[[ DATA, beginning ]]

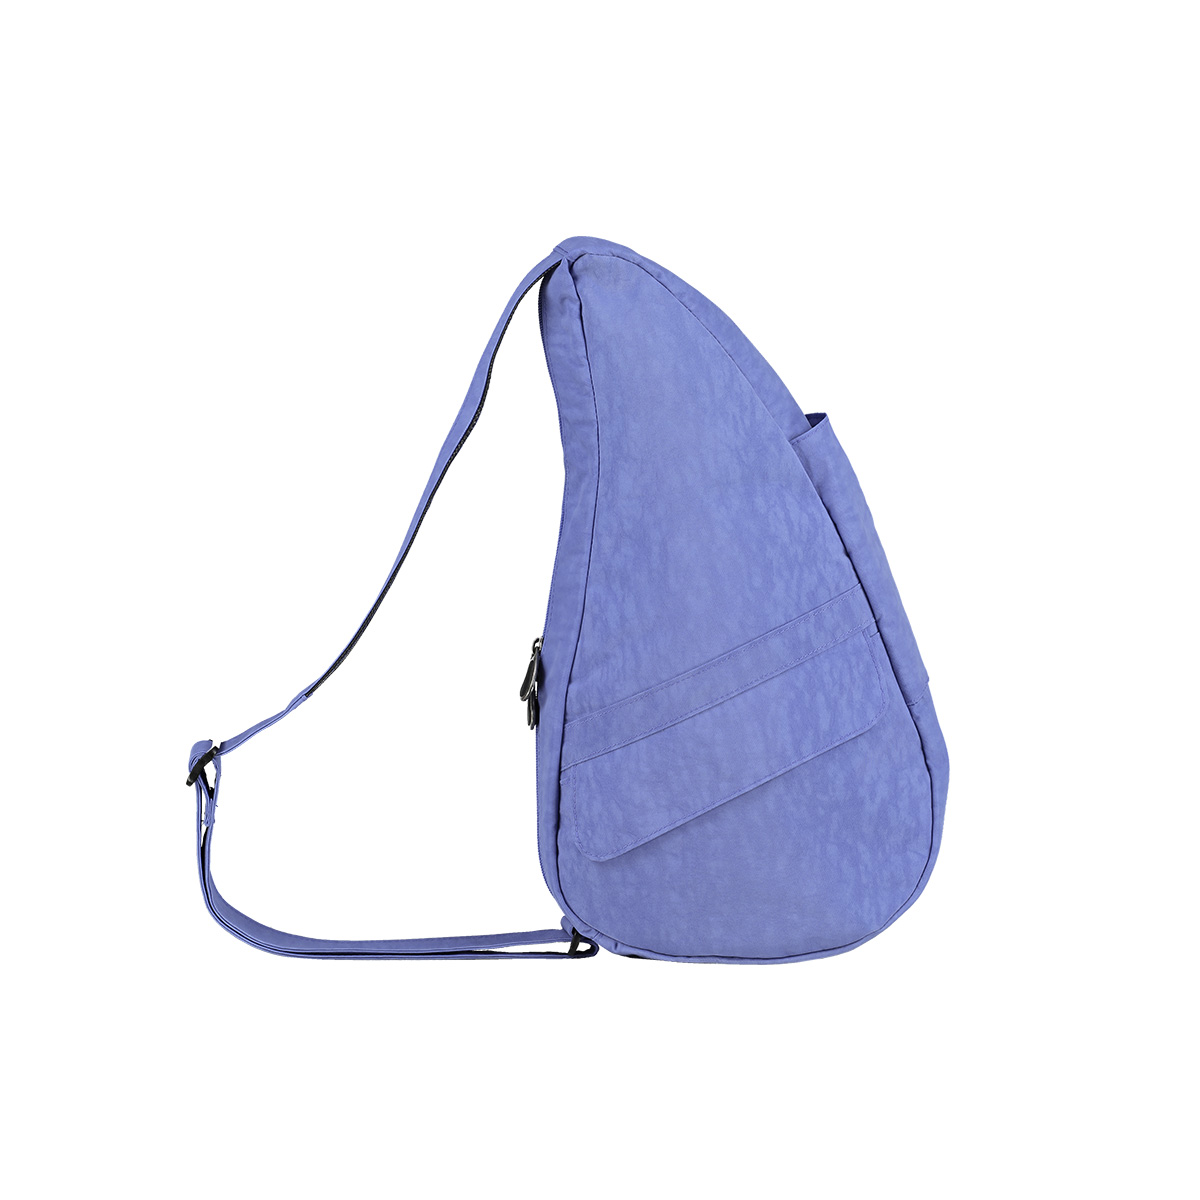 Healthy Back Bag/ヘルシーバックバッグ/ショルダーバッグ/ボディバッグ/旅行バッグ/軽量/レディース/メンズ 《限定ポーチ付》 公式ストア ヘルシーバックバッグ テクスチャードナイロン Sサイズ アイリス
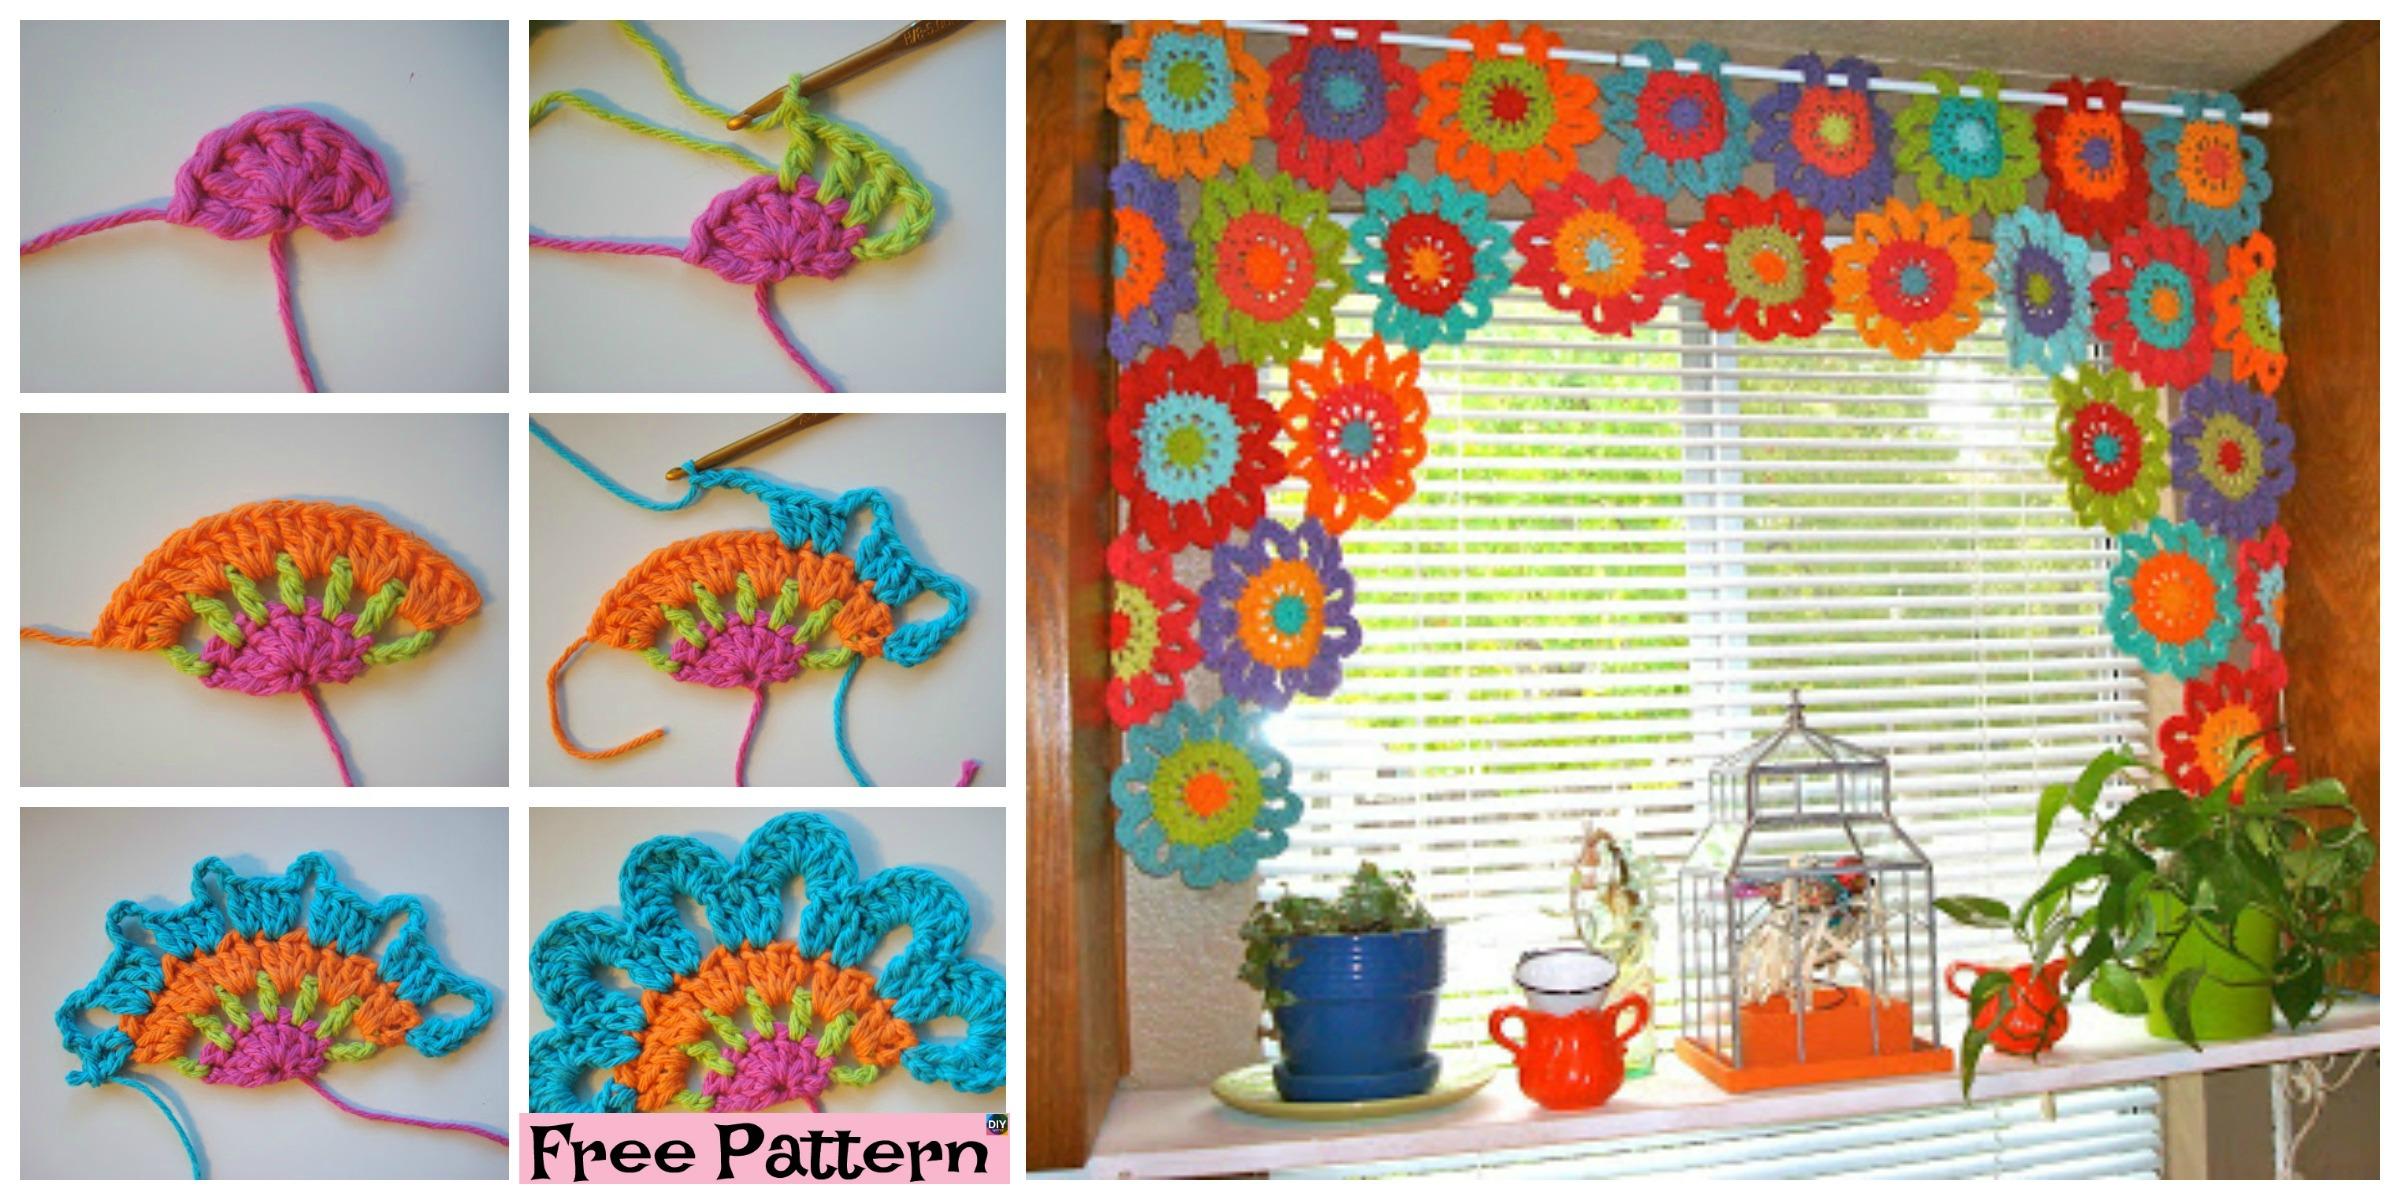 Beautiful Crochet Flower Power Valance - Free Pattern - DIY 4 EVER
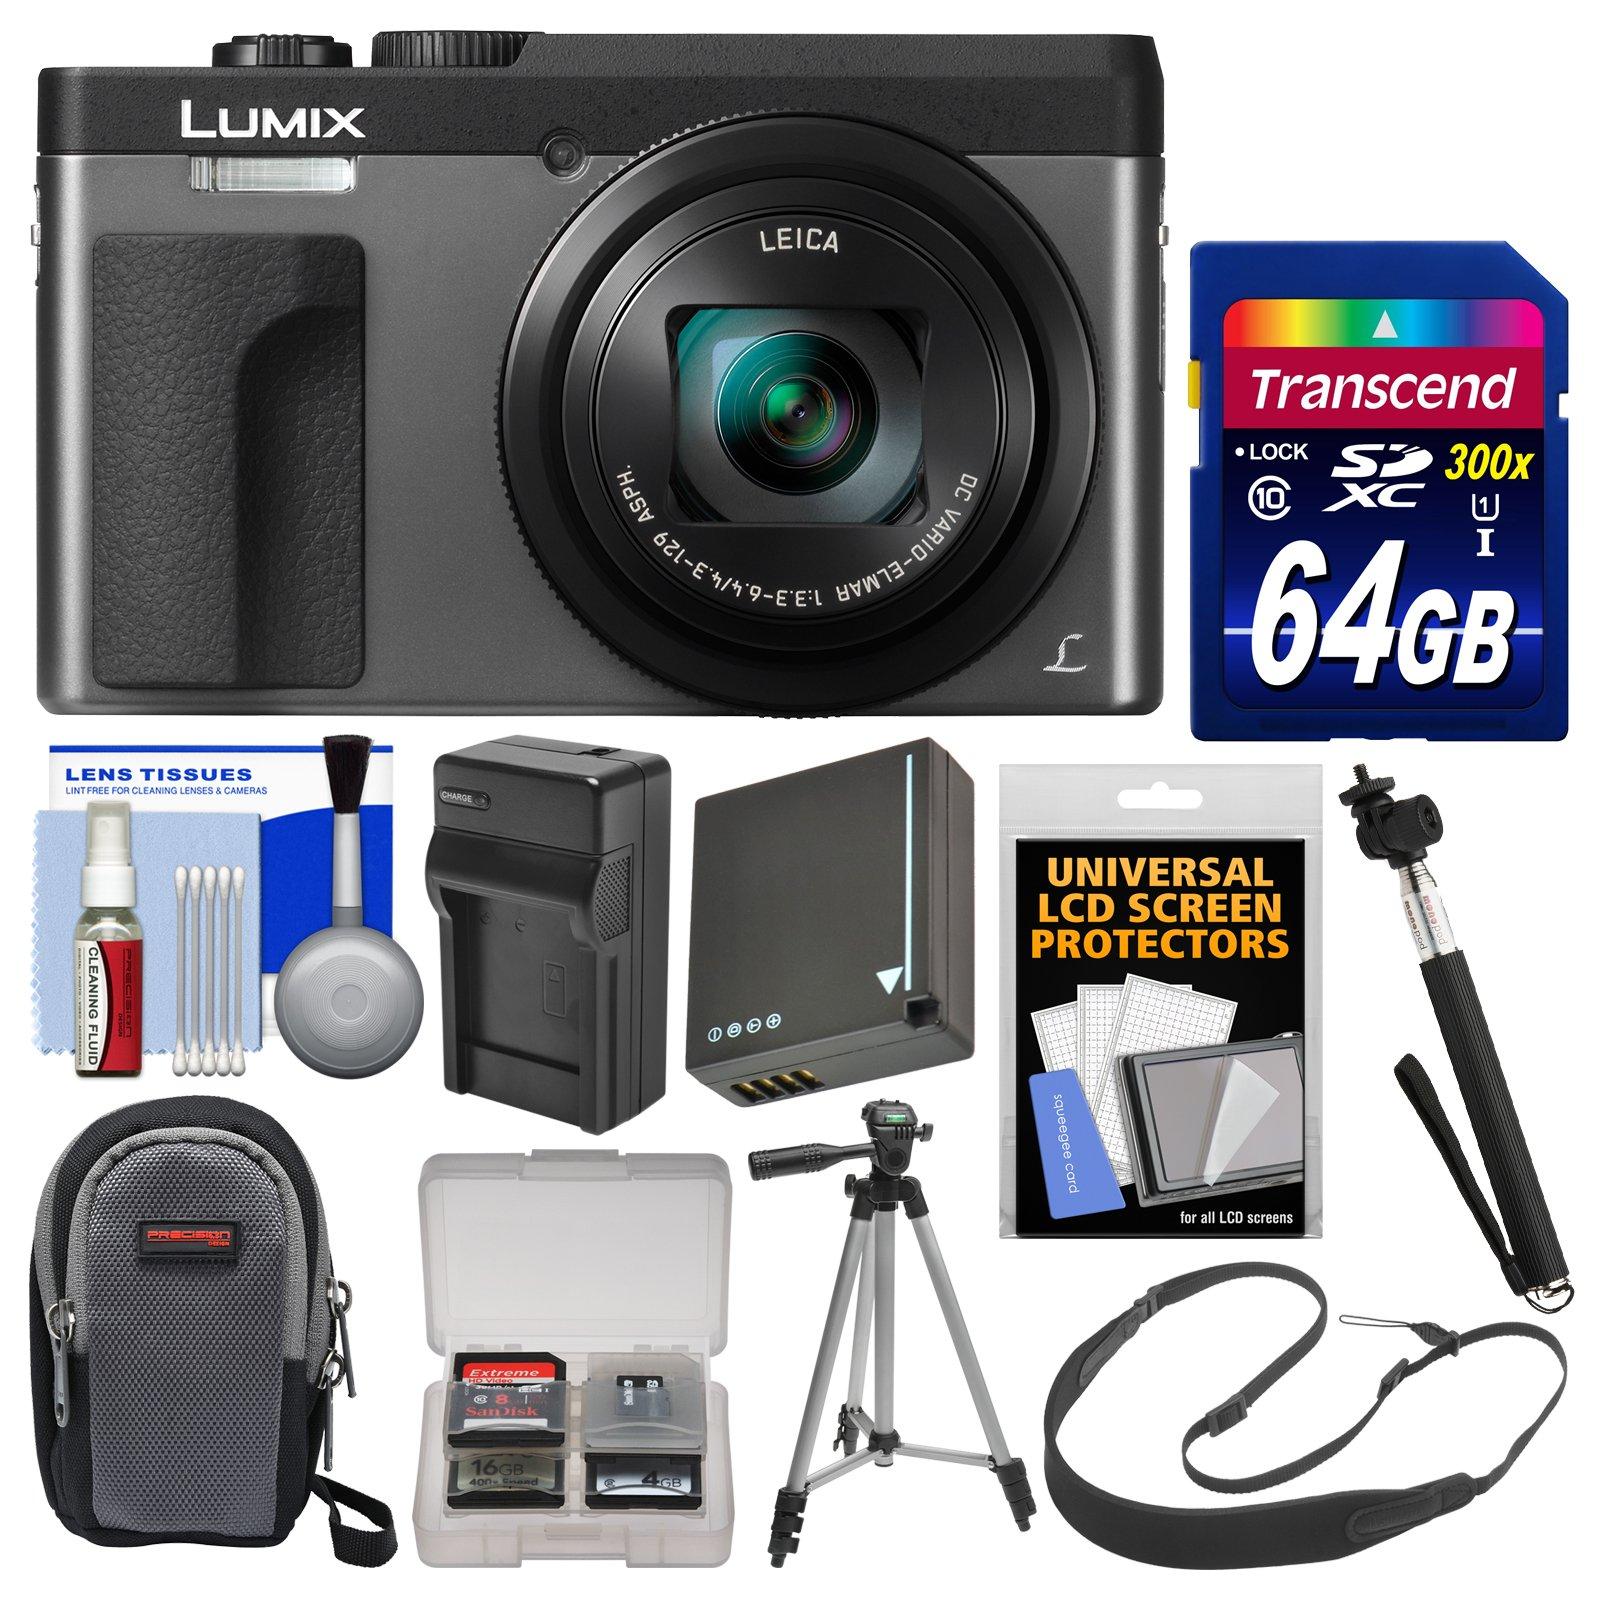 Panasonic Lumix DC-ZS70 4K Wi-Fi Digital Camera (Silver) with 64GB Card + Case + Battery & Charger + Monopod + Tripod + Strap + Cleaning Kit by Panasonic

[[ DATA, end ]]

_WORK INSTRUCTION_
Give again, word for word, every line from the top of the data above to the line holding "Beautiful Crochet Flower", inclusive, with the pictures left out.

_ANSWER TO THIS PROBLEM_
 Healthy Back Bag/ヘルシーバックバッグ/ショルダーバッグ/ボディバッグ/旅行バッグ/軽量/レディース/メンズ 《限定ポーチ付》 公式ストア ヘルシーバックバッグ テクスチャードナイロン Sサイズ アイリス
 Beautiful Crochet Flower Power Valance - Free Pattern - DIY 4 EVER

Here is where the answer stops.